KUALA LUMPUR: Malaysian palm oil futures rose by more than 1 percent on Tuesday to their highest level in over one week, tracking strength in U.S. soyoil prices and on a weaker ringgit.

The ringgit, palm’s currency of trade, weakened as much as 0.2 percent, making the vegetable oil cheaper for holders of foreign currencies.

The currency was last down 0.1 percent at 4.0850 per dollar.

The benchmark palm oil contract for May delivery on the Bursa Malaysia Derivatives Exchange was up 0.6 percent at 2,299 ringgit ($562.79) a tonne at the midday break.

Earlier in the session, it climbed as much as 1.1 percent to 2,311 ringgit, its highest since Feb. 8. Trading volumes stood at 12,586 lots of 25 tonnes each at noon.

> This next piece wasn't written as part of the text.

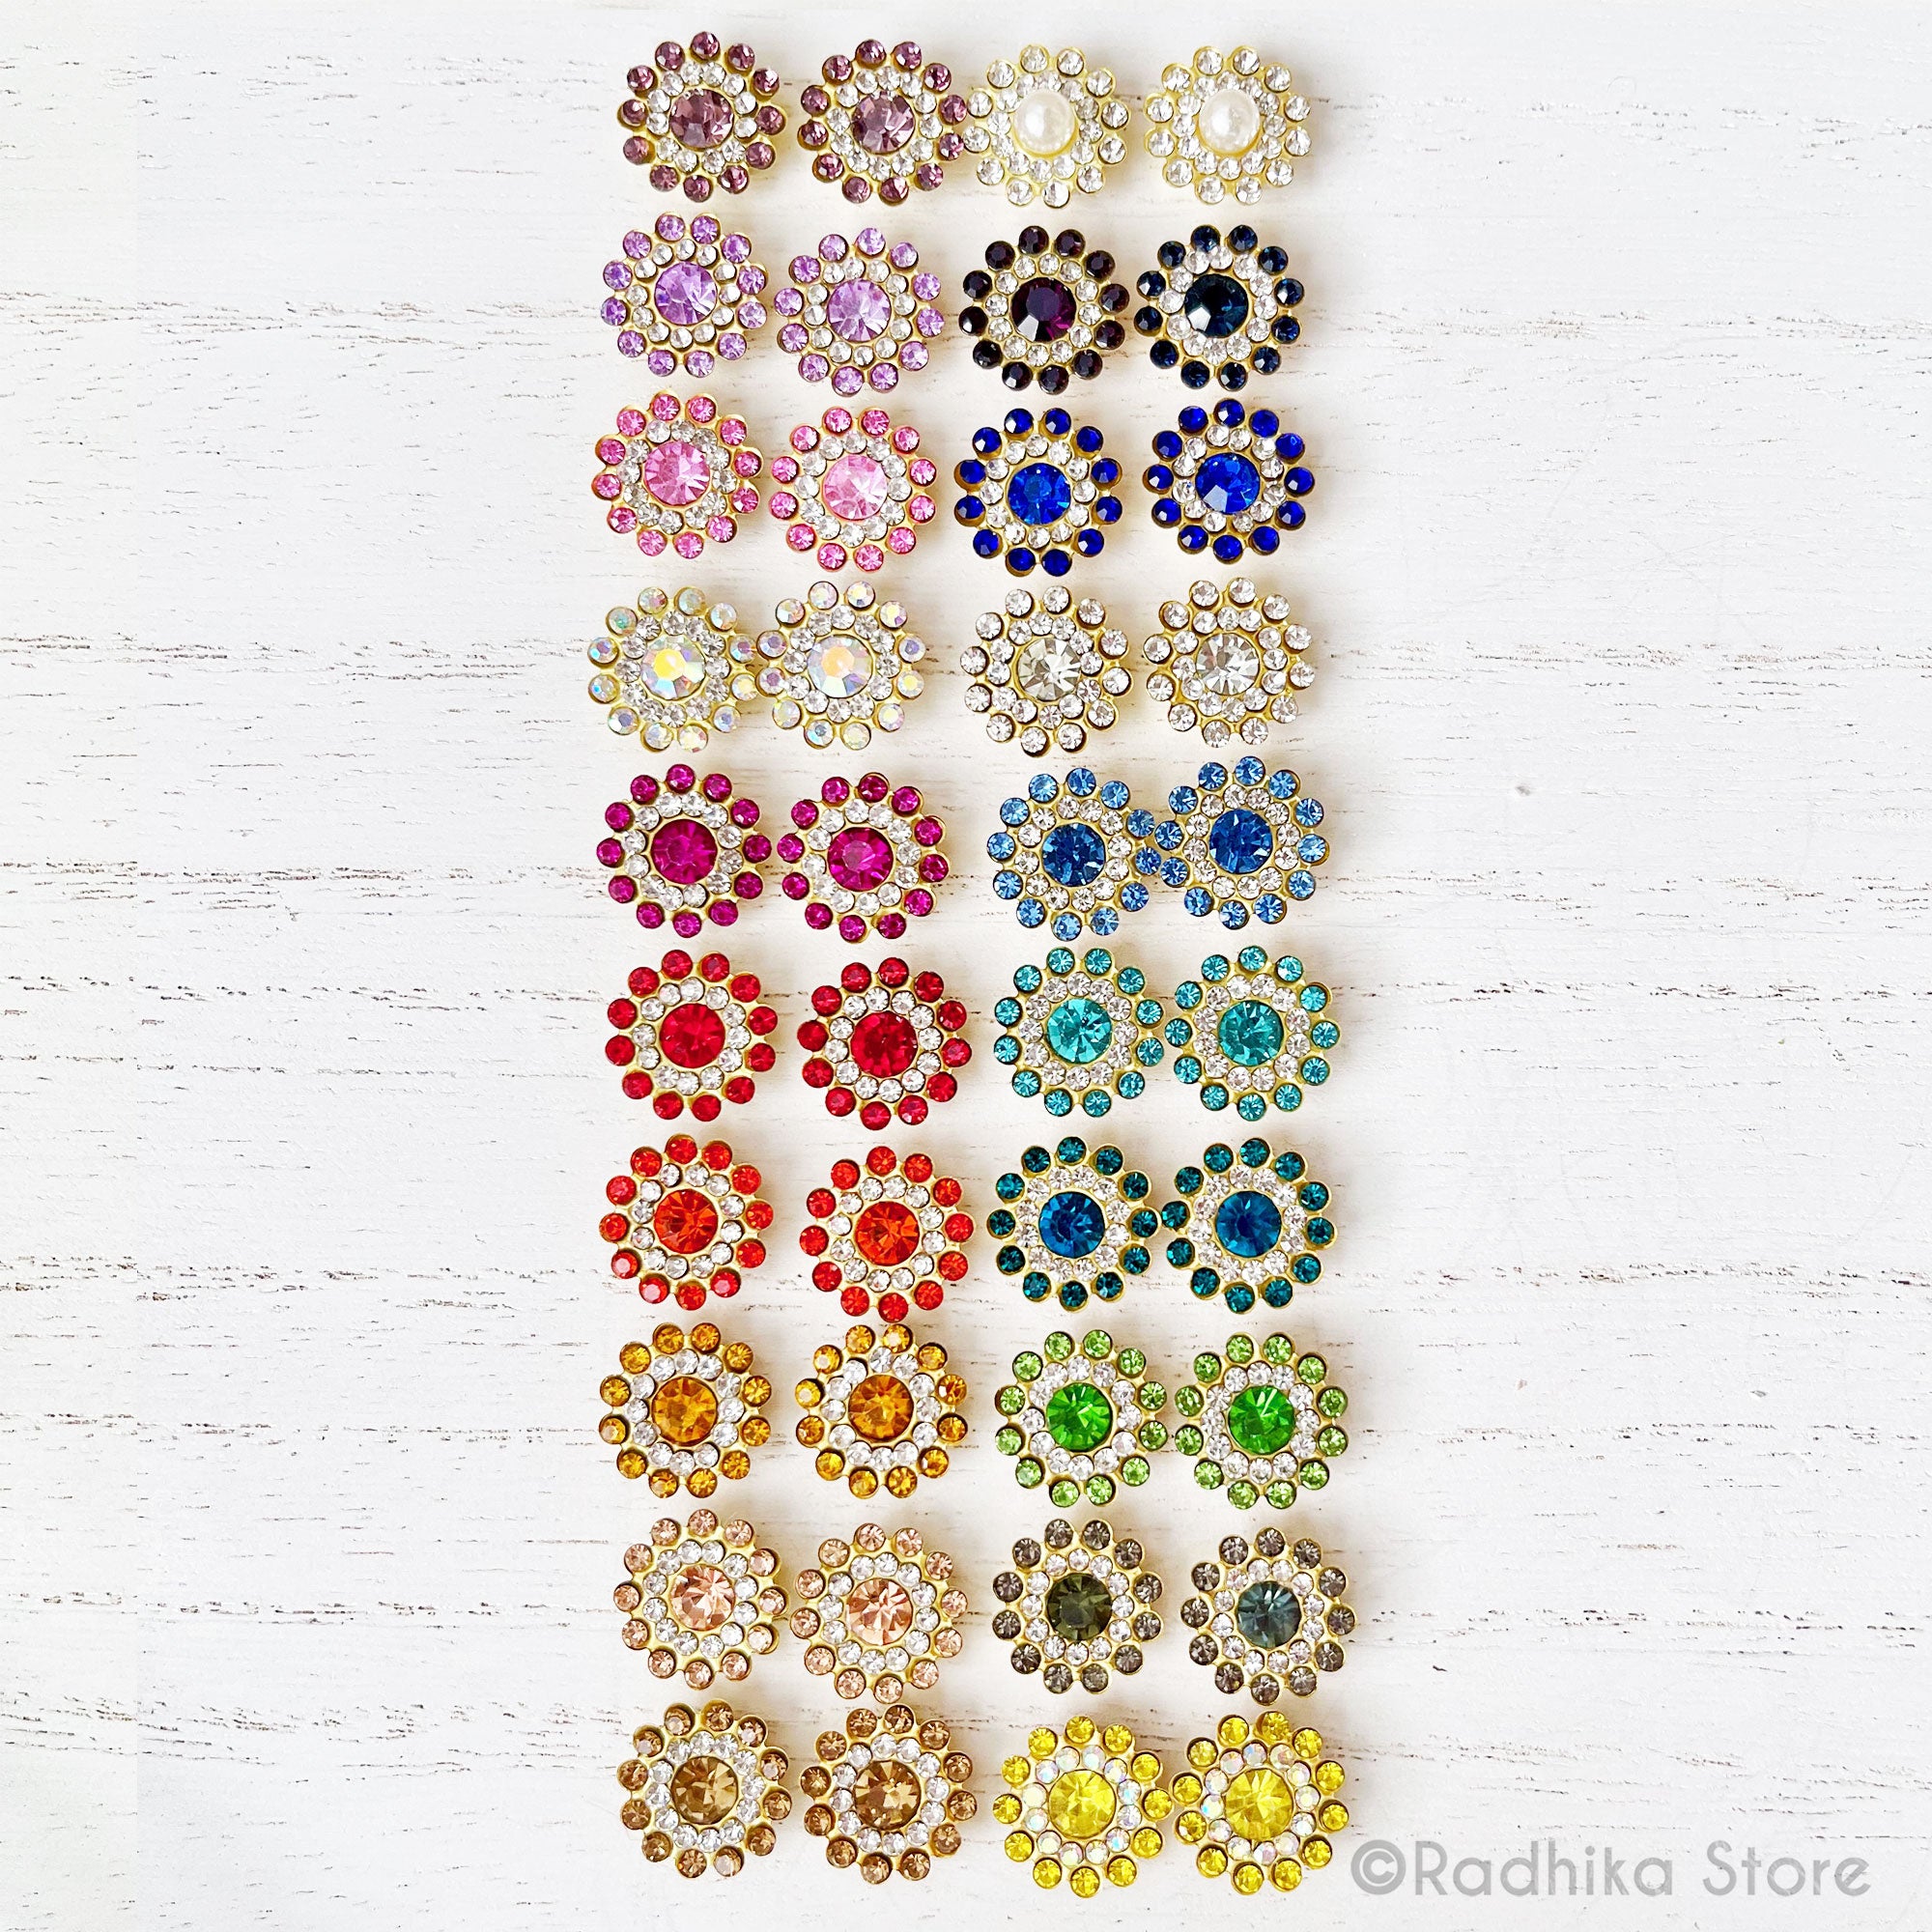 Details more than 123 simple one stone earrings

“The palm market is up on supportive external markets, along with the weaker ringgit,“ said a Kuala Lumpur-based trader, referring to soyoil prices on the U.S. Chicago Board of Trade.

The market was also up on expectation of supportive cargo surveyor export data for Feb. 1-20, said the trader.

Exports from Malaysia during Feb. 1-15 rose between 4.2-12.9 percent from a month earlier, according to cargo surveyors.

Cargo surveyors are scheduled to release export data for the Feb. 1-20 period on Wednesday.

In other related oils, the Chicago March soybean oil contract was up 0.8 percent on Tuesday, in line with gains in soybeans on optimism about a trade deal between the United States and China.

The May soyoil contract on the Dalian Commodity Exchange rose 0.8 percent, while the Dalian May palm oil contract added 1.1 percent.

Palm oil prices are affected by movements in soyoil, as they compete for a share in the global vegetable oil market.

Palm oil may rise to 2,316 ringgit per tonne, as it has broken a resistance at 2,285 ringgit, said Wang Tao, a Reuters market analyst for commodities and energy technicals.